In [1]:
import time

import numpy as np
import pandas as pd

# Jupyter Notebooks for Research

## 2. Multi Notebook Projects

I find that some of my notebooks get out of hand. Weeks of work leads to 100+ cells.
The notebook feels encumbered (browser, kernel or server load?). A kernel restart
means 10+ mins to get back to where I was. Its unpleasant.

There is probably sub-optimal code in there but the real issue is that I've abused a
the single notebook model and its time to do better.

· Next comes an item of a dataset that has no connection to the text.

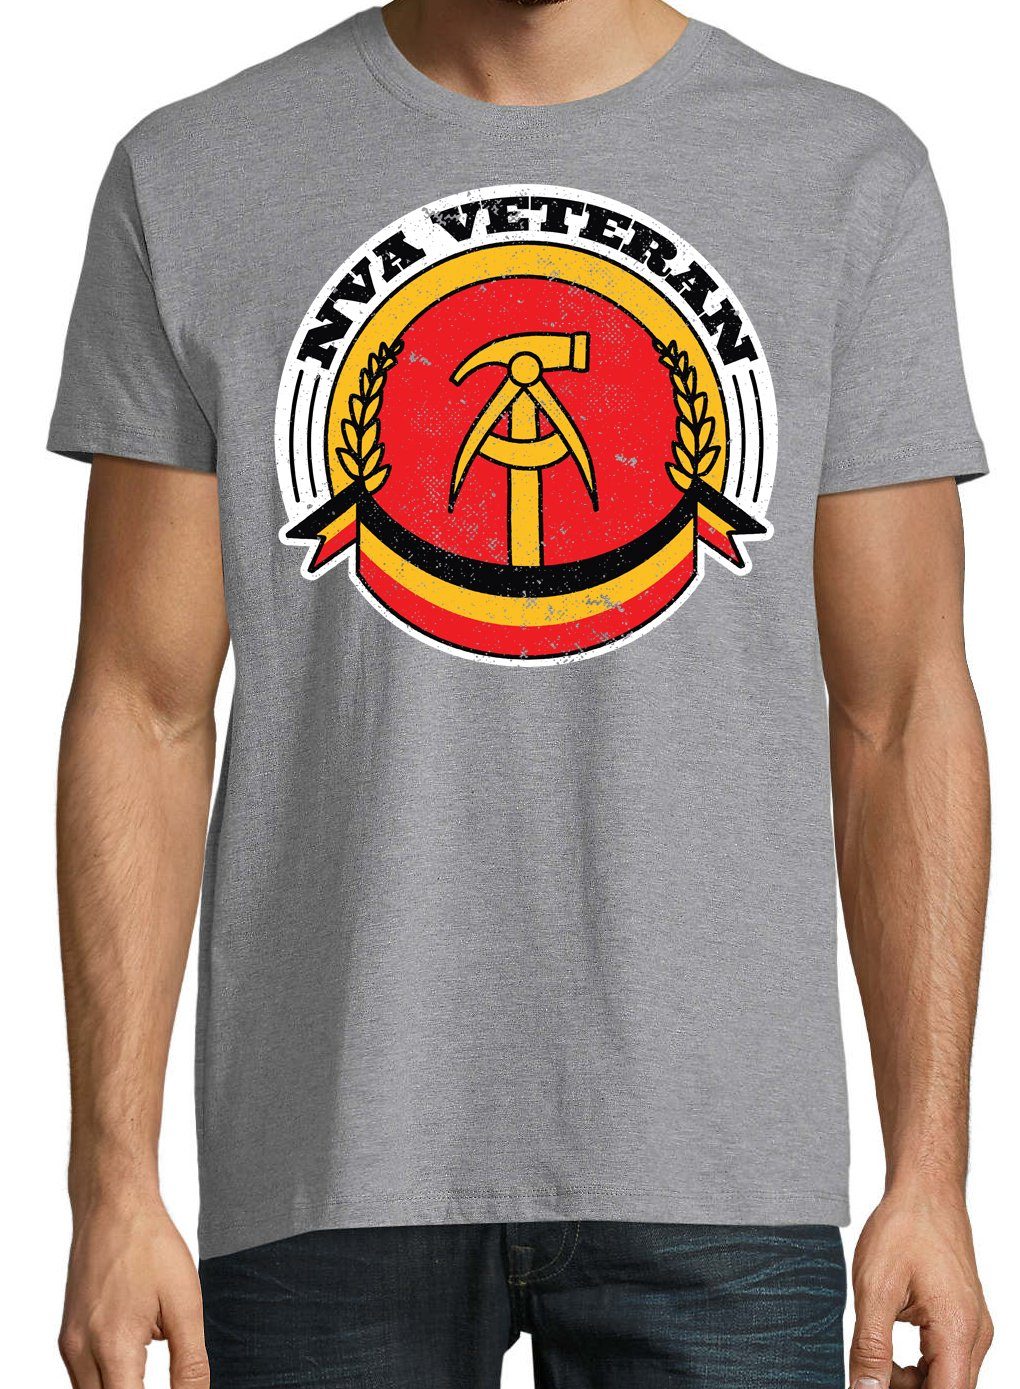 Frontprint mit trendigem Herren Designz Veteran T-Shirt Shirt NVA Youth Grau

### Splitting your notebook into multiple notebooks

Maybe you could think of this as the chapters of the analysis. Technically, I suppose
"books" might seem more natural but with a substantial dataset and/ or compute intensive
analyses I reckon you'll be best splitting on what you'd consider chapters. Here's an
example project layout:

1. Data preparation
2. Exploratory analysis
  1. Facet 1
  2. Facet 2
3. Model fitting

The main technical aspect you need to consider is **exchanging data between the notebooks**.
In this example you might have something like the following dependency tree:

```
01_01_data_prep.ipynb
│
└───
│   │   02_01_facet_1.ipynb
│   │   02_02_facet_2.ipynb
│   └───
└───────│   03_01_model.ipynb
```

There are a variety of ways you can acheive this and its going to be pretty straightforward.
I would advise some form of checksumming though.

### Generate data

First we generate our raw dataset.

In [2]:
def long_running_data_generation(n=5):
    time.sleep(n)
    np.random.seed(seed=444)  # vcs would be a pain without this
    return pd.DataFrame(np.random.randn(100, 4), columns=list('ABCD'))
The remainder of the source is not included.